Activity:
Each line of the data is to be output verbatim, with the images removed.

START Available data

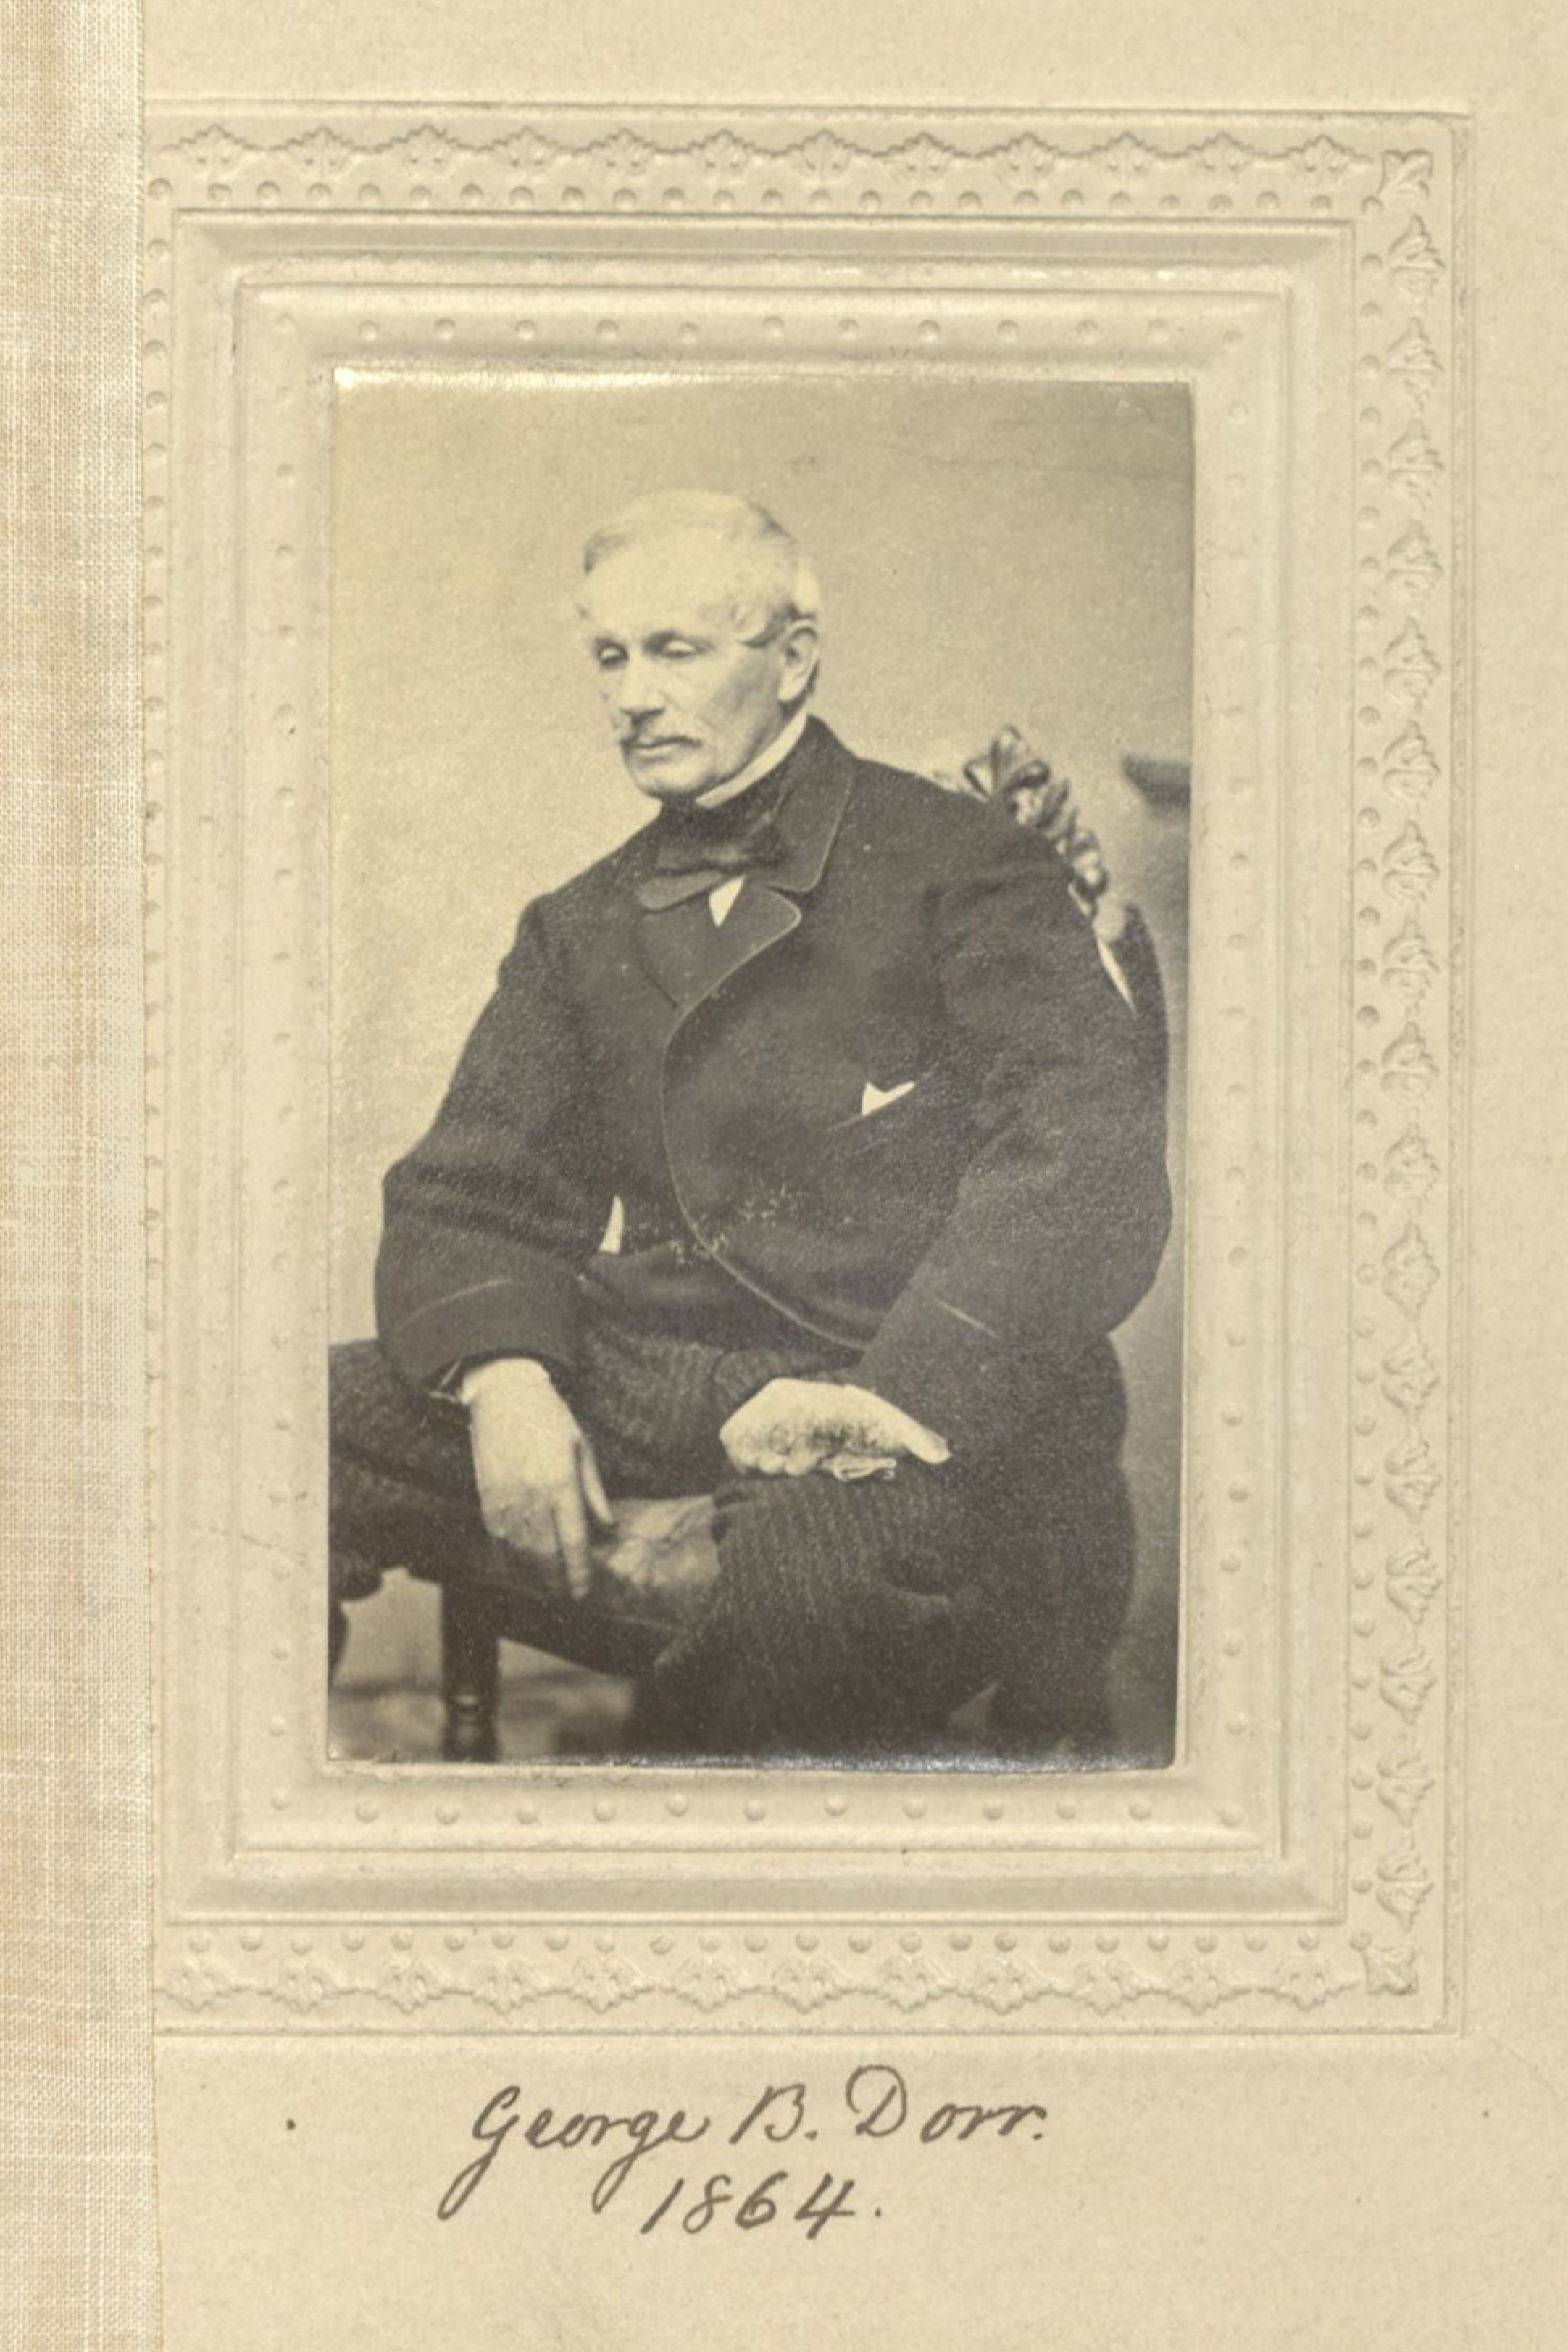 Member portrait of George B. Dorr
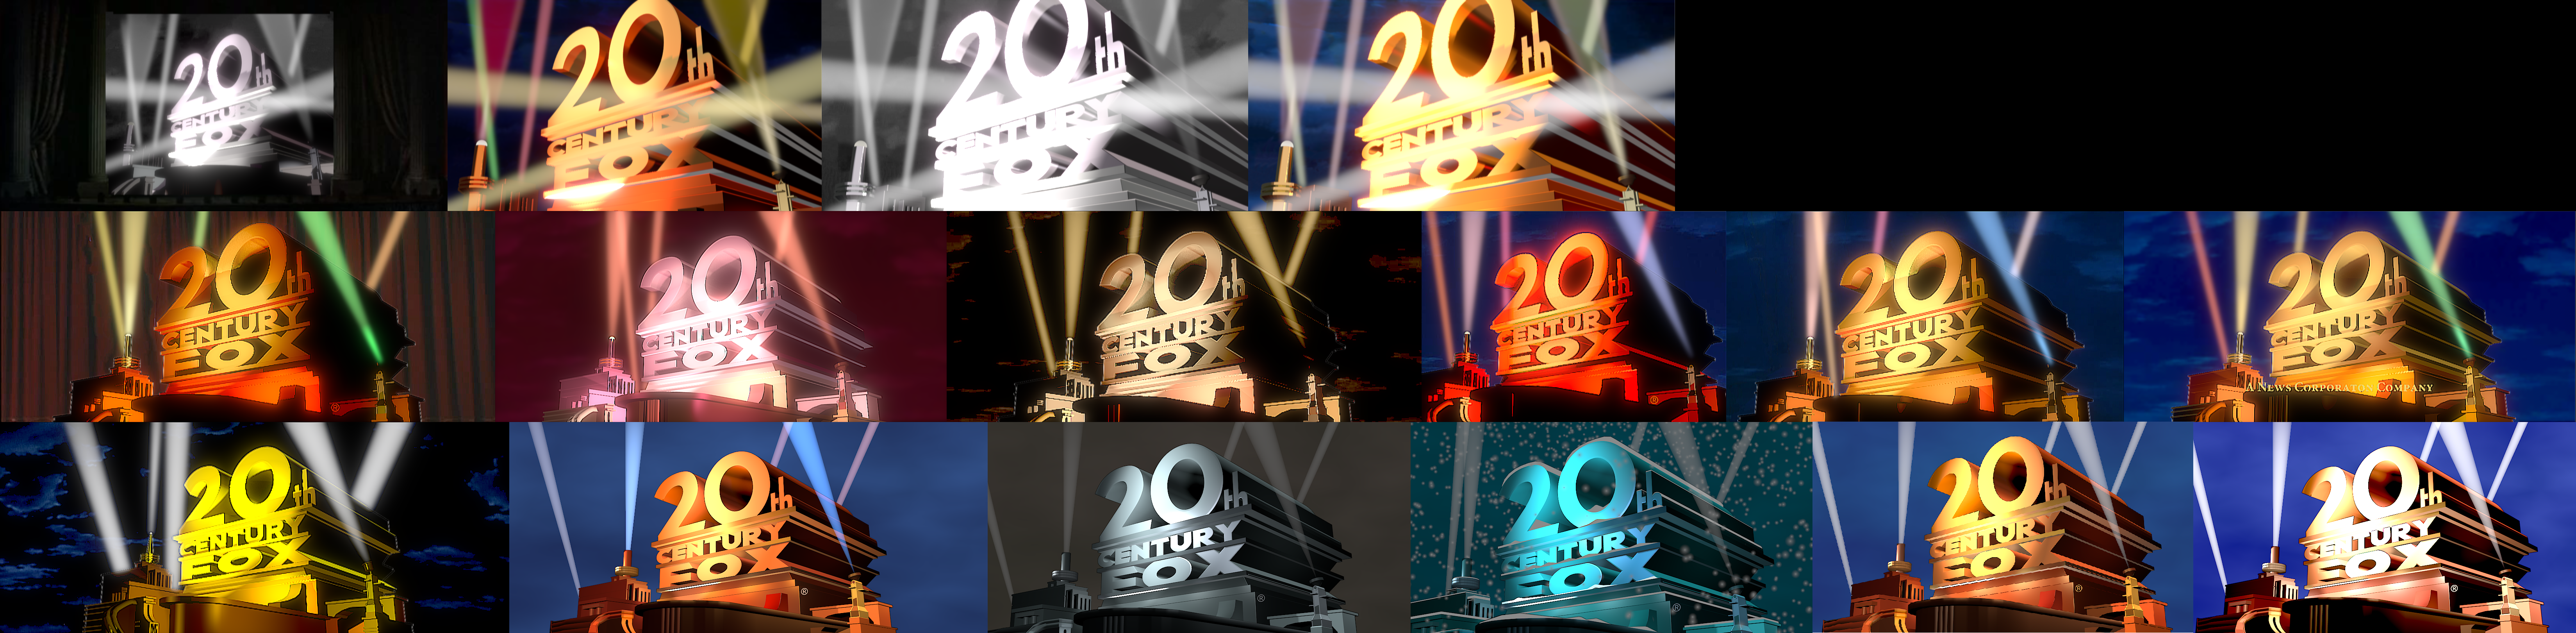 20th Century Fox logo by Krisz395 remake by TheGiraffeGuy2013 on DeviantArt
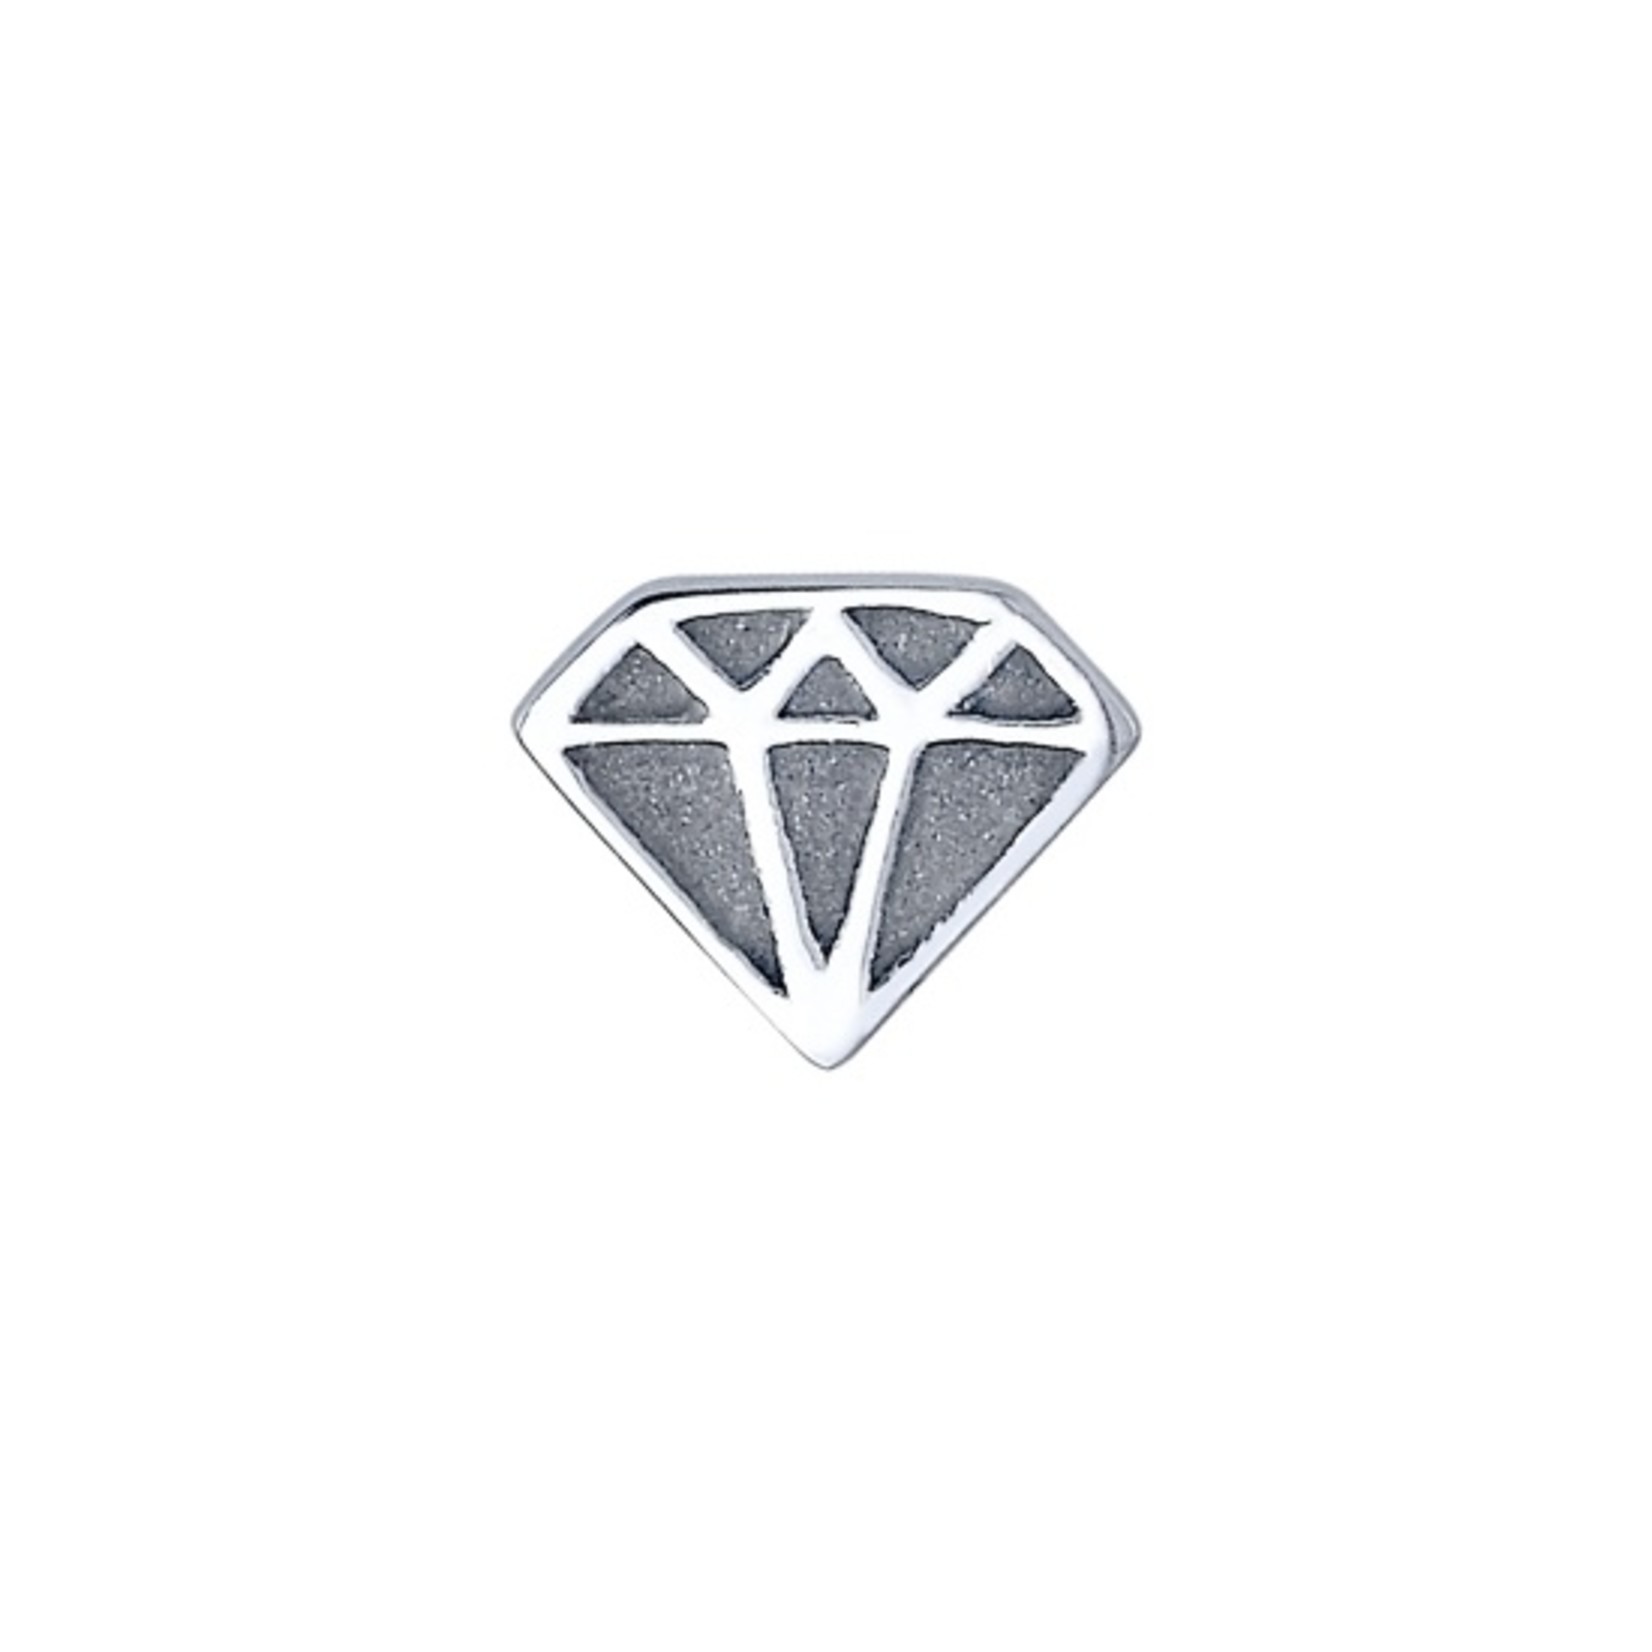 BVLA BVLA 14g 6.0 "Diamond Profile" threaded end with sandblasted hollows
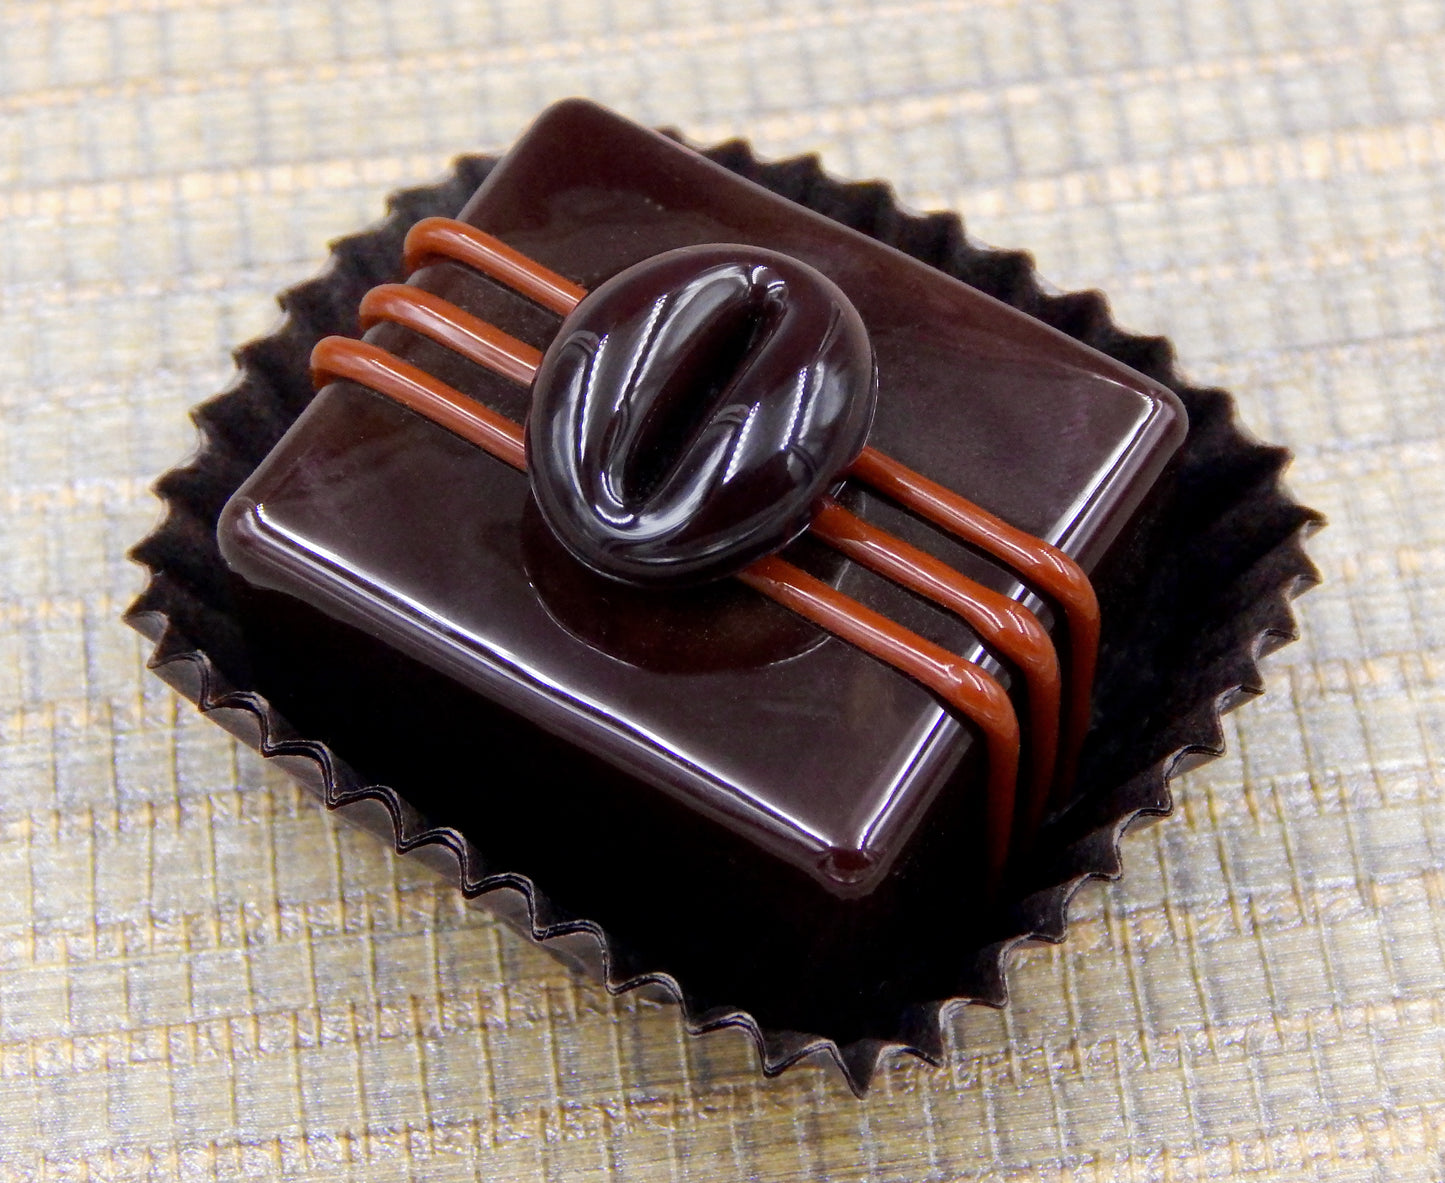 Chocolate Treat with Coffee Bean (12-028+)

END Available data

Final answer:
 Member portrait of George B. Dorr
 20th Century Fox logo by Krisz395 remake by TheGiraffeGuy2013 on DeviantArt
 BVLA BVLA 14g 6.0 "Diamond Profile" threaded end with sandblasted hollows
 Chocolate Treat with Coffee Bean (12-028+)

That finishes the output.